Sir David Rowat Barclay and Sir Frederick Hugh Barclay: Owners of the Telegraph, the Spectator and the Business. The Sunday Times Rich List of 2015 estimated their wealth at £6.5 billion who live on a private island near Saark. .

Rupert Murdoch: Owner of the Sun, Times, Sky, Fox and many others. Estimated wealth of $13 Billion who lives in Australia."*

Not wanting to mention the "B" word of course but it does make you wonder why they are so keen on promoting a hard Brexit and turning the UK into a tax haven. Hmm.


----------



## GEMMY (Jun 19, 2006)

barryd said:


> Maybe the "Lefty" papers have to beg for money if this is true.
> 
> Not my research but posted by a member on OAL the other day.
> *
> ...


Cross out Desmond, all of his titles have bought by the Mirror group


----------



## Matchlock (Jun 26, 2010)

And don't forget the Guardian, they are also subject to tax avoidance!
And how did these billionaires become so, not opinions, I only deal in facts.


----------



## KeithChesterfield (Mar 12, 2010)

I haven't bought or read the Daily Fail since 1997 when they 'coerced' a crime victim, who I knew, into giving them the 'true' facts and then wrote a complete and utter distortion of the facts.


Wrapping fish and chips in their newsprint is a disgrace - fish and chips are more worthy than being shackled by the paper that prints the Fail.


:werecomingforyou: :werecomingforyou: :werecomingforyou: :werecomingforyou:


----------



## barryd (May 9, 2008)

Matchlock said:


> And don't forget the Guardian, they are also subject to tax avoidance!
> And how did these billionaires become so, not opinions, I only deal in facts.


Doesnt matter how they got so rich but what does matter is how powerful they have become in both manipulating the masses and worse our government. Just look at the mess we are in right now then look at the "real" people behind it all and how they have got both the government and the people to do their bidding. That might all sound a bit Lefty but its how it is in the UK. We have the most biased and powerful press in Europe and its just about to get a lot more powerful and richer while the rest of us get poorer.


----------



## fatbuddha (Aug 7, 2006)

GEMMY said:


> Nice piece on Mosely over the last couple of days. At least they don't beg the readership for money to stay afloat , unlike the Groaniad.
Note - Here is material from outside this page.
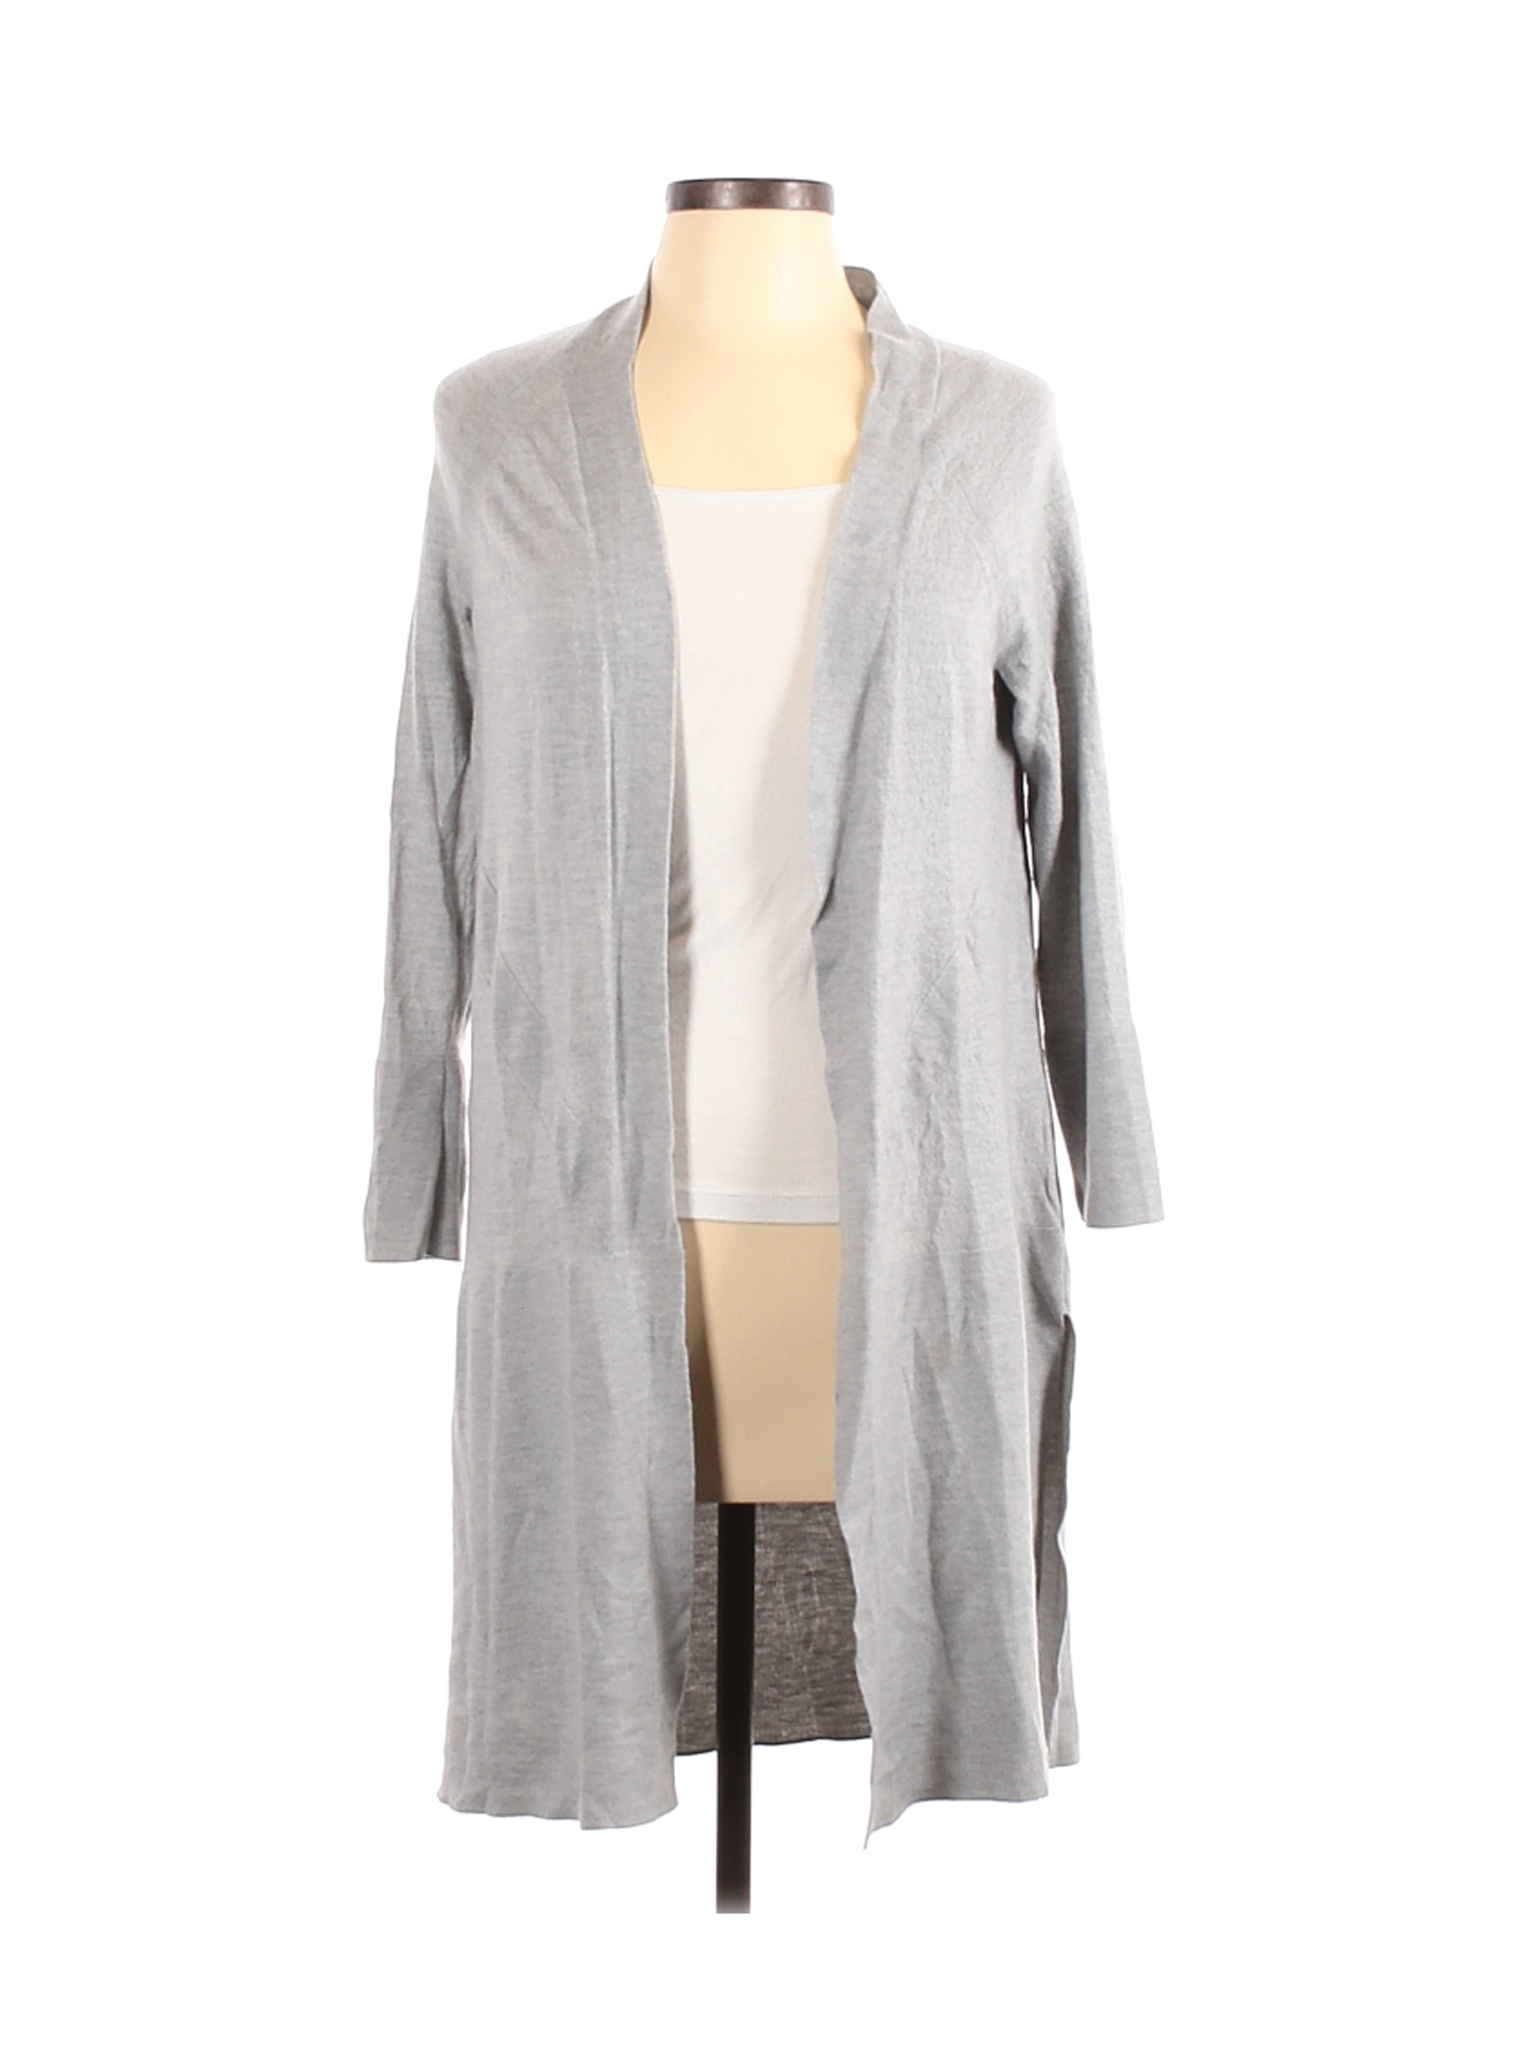 Talbots Women Gray Wool Cardigan L | eBay

frankly I'd rather pay a subscription fee to keep the Guardian afloat. I hope the Fail dies a slow painful death that it's currently heading towards


----------



## Webby1 (Mar 11, 2012)

What is so sad about certain threads is that people only change their views after personal, usually negative experiences as @KeithChesterfield wrote.
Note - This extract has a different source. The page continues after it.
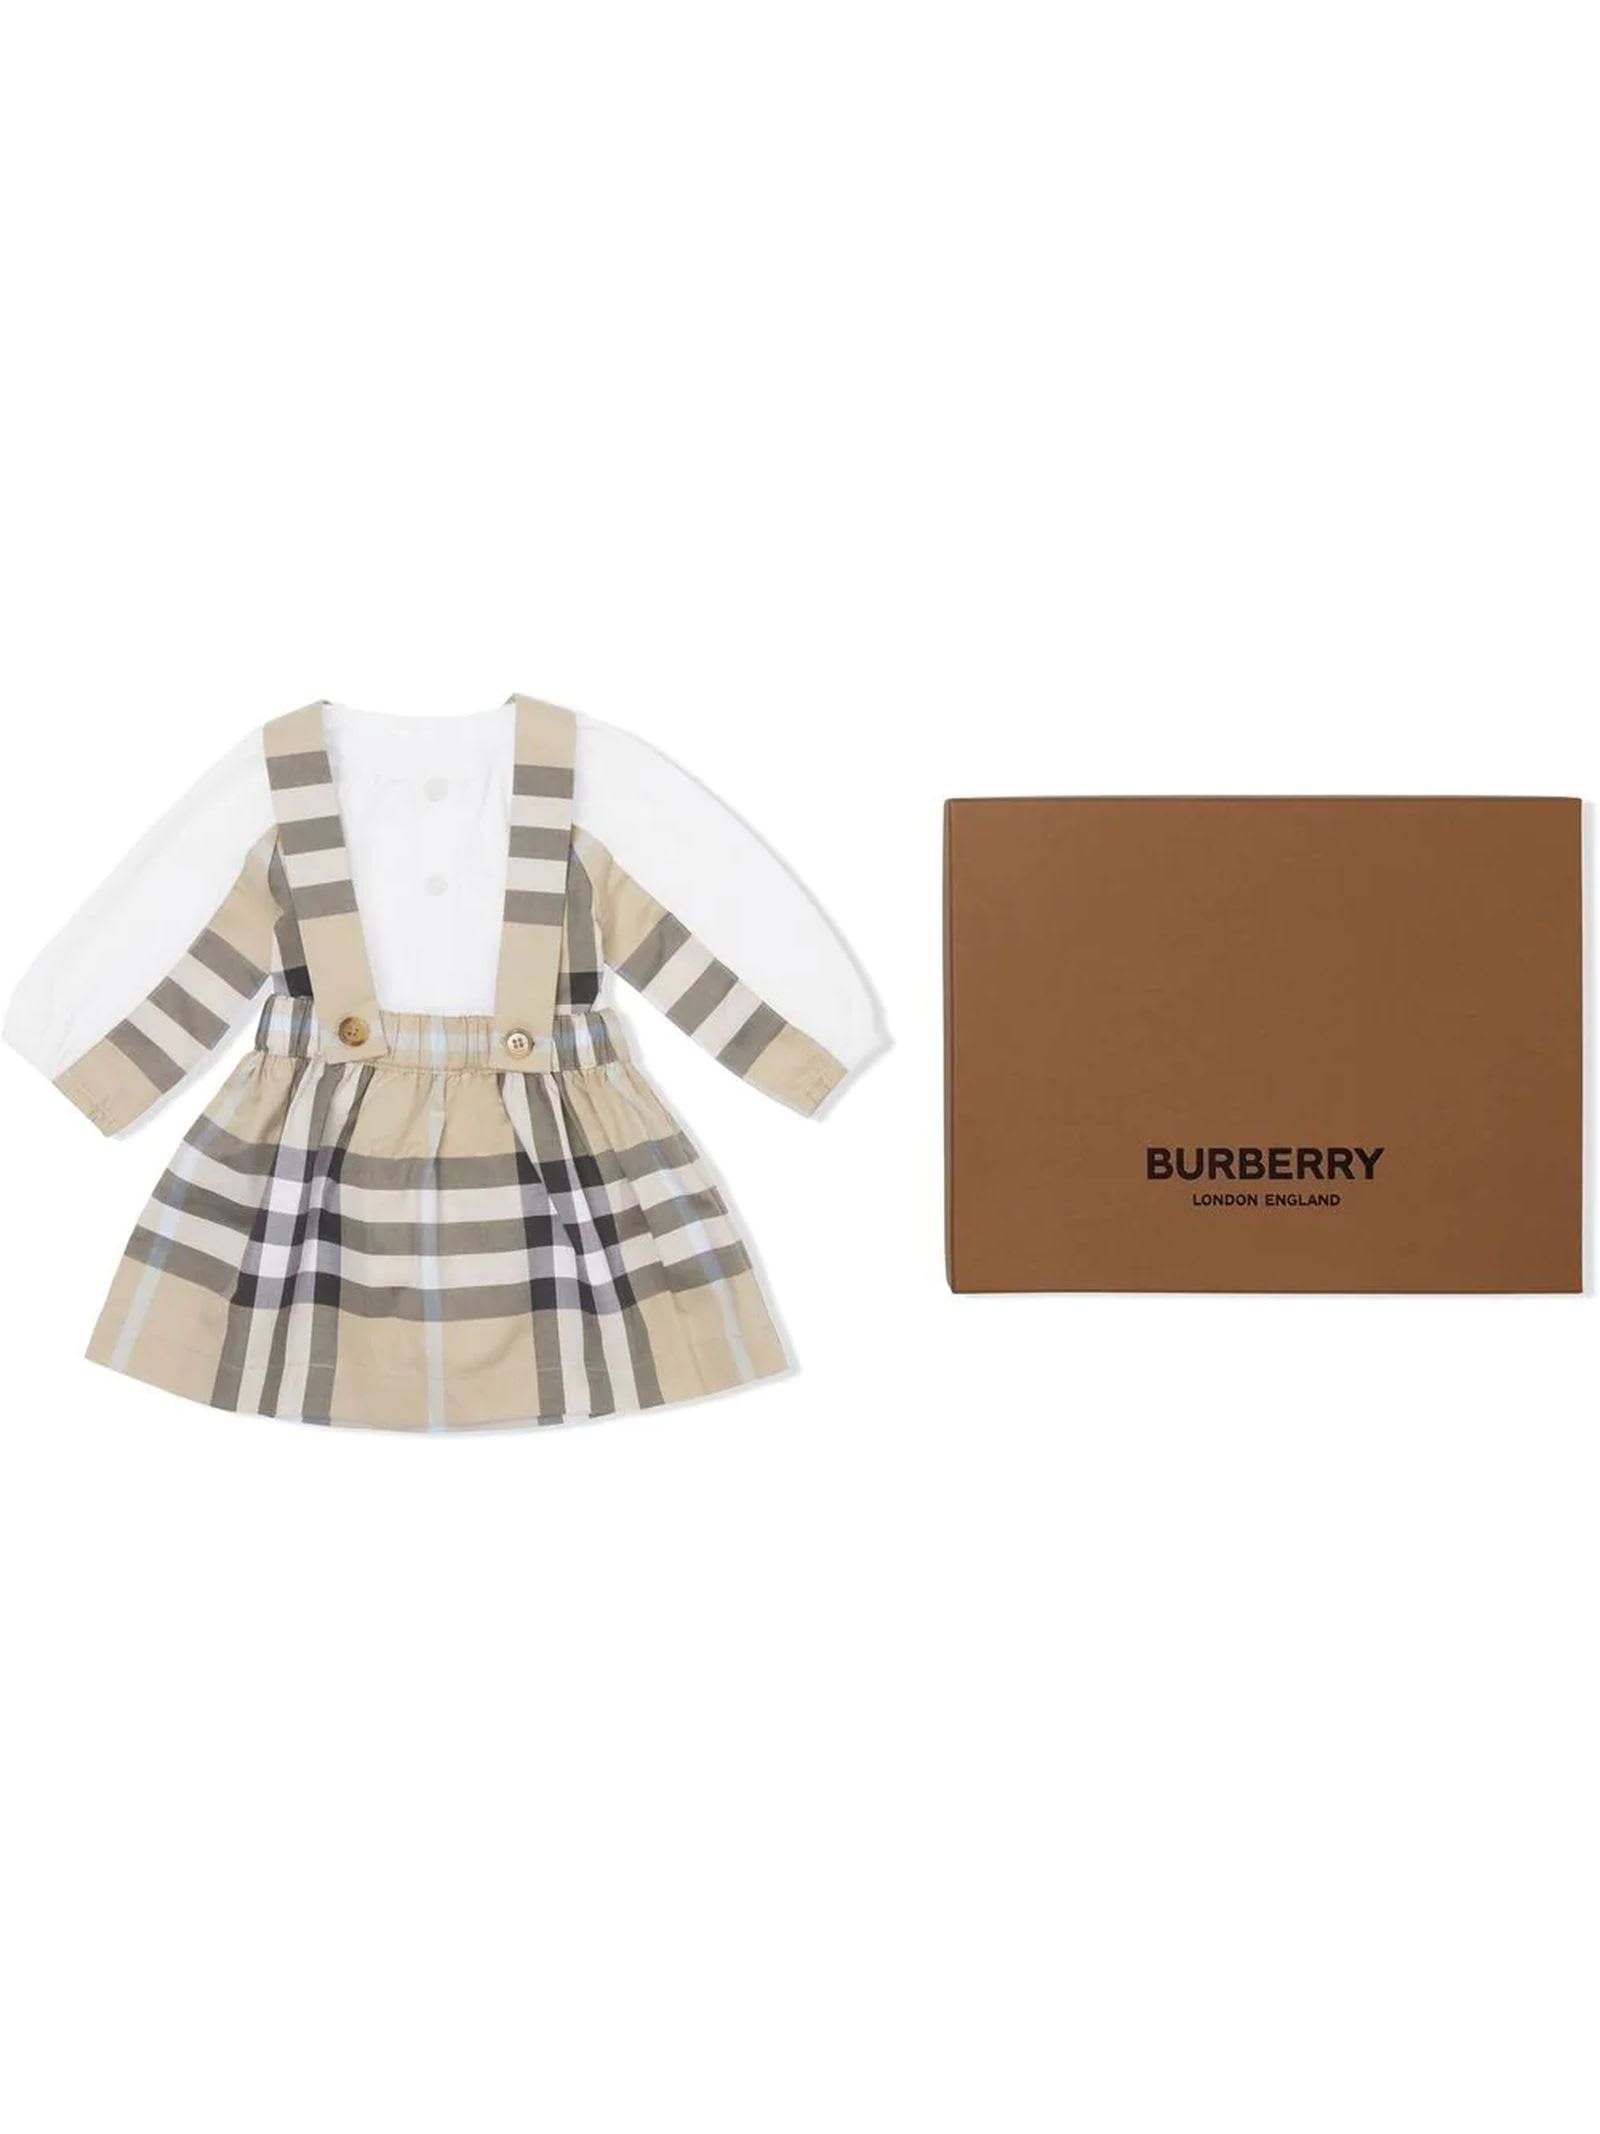 Burberry Beige Cotton Dress Set

It would be great to see people changing their views and opinions based on observable facts,views of others,moral perceptions,or other people's experiences.

Too often it is only when the truth slaps them in the face that they think twice....................
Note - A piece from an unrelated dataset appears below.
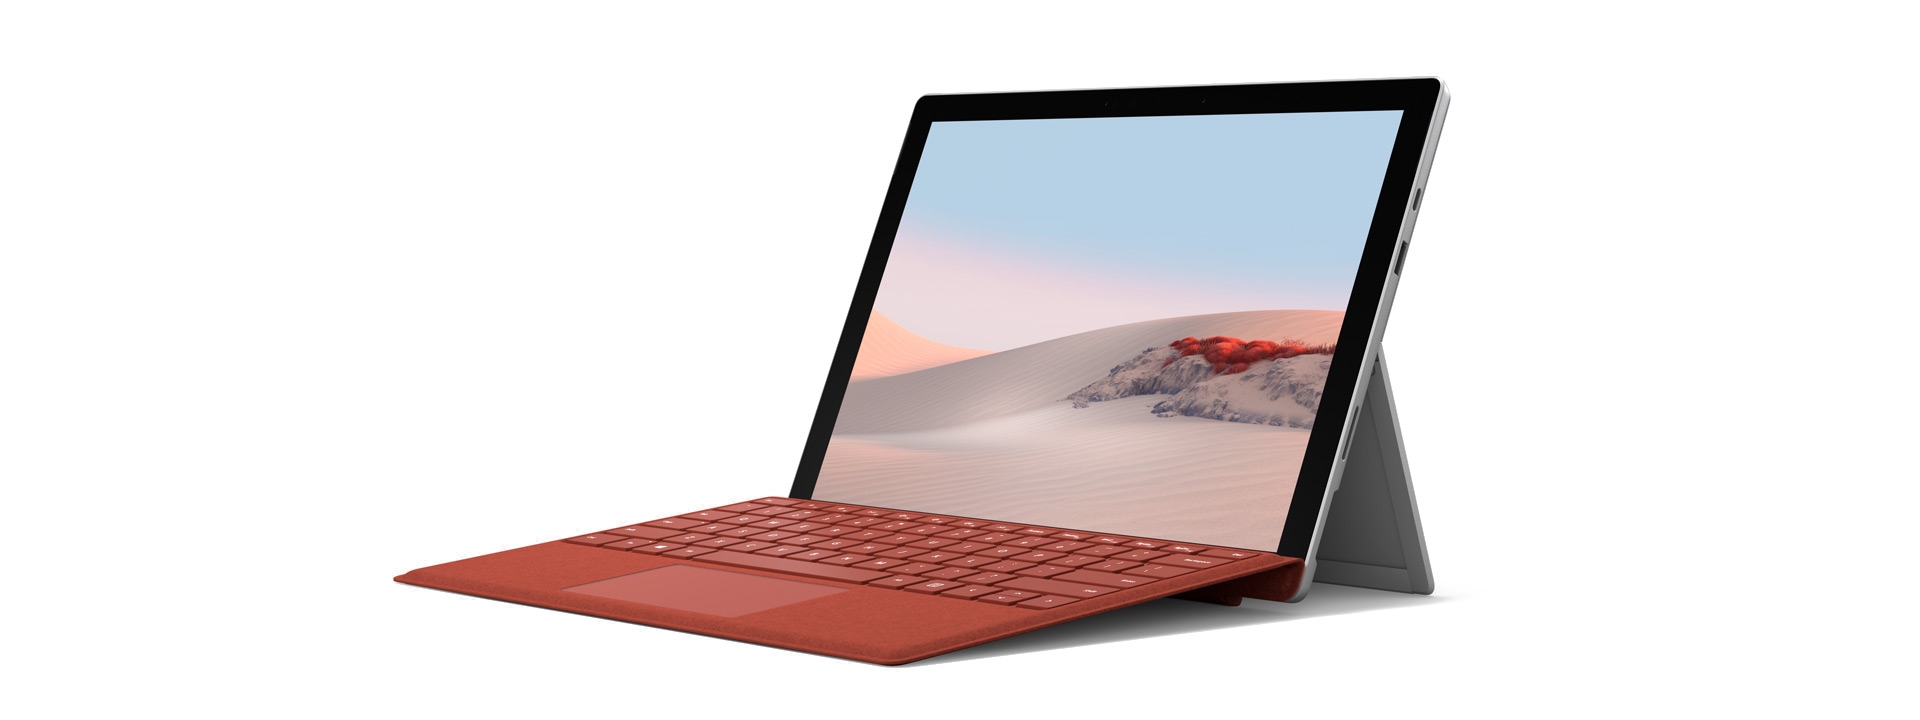 جهاز Surface Pro 7 مزود بلوحة مفاتيح Surface Type Cover بزاوية

Someone said "I prefer to learn from the mistakes of others rather than my own"


----------



## GEMMY (Jun 19, 2006)

fatbuddha said:


> frankly I'd rather pay a subscription fee to keep the Guardian afloat. I hope the Fail dies a slow painful death that it's currently heading towards


Be sure to let us know about your 'donation' not just talk is it?


----------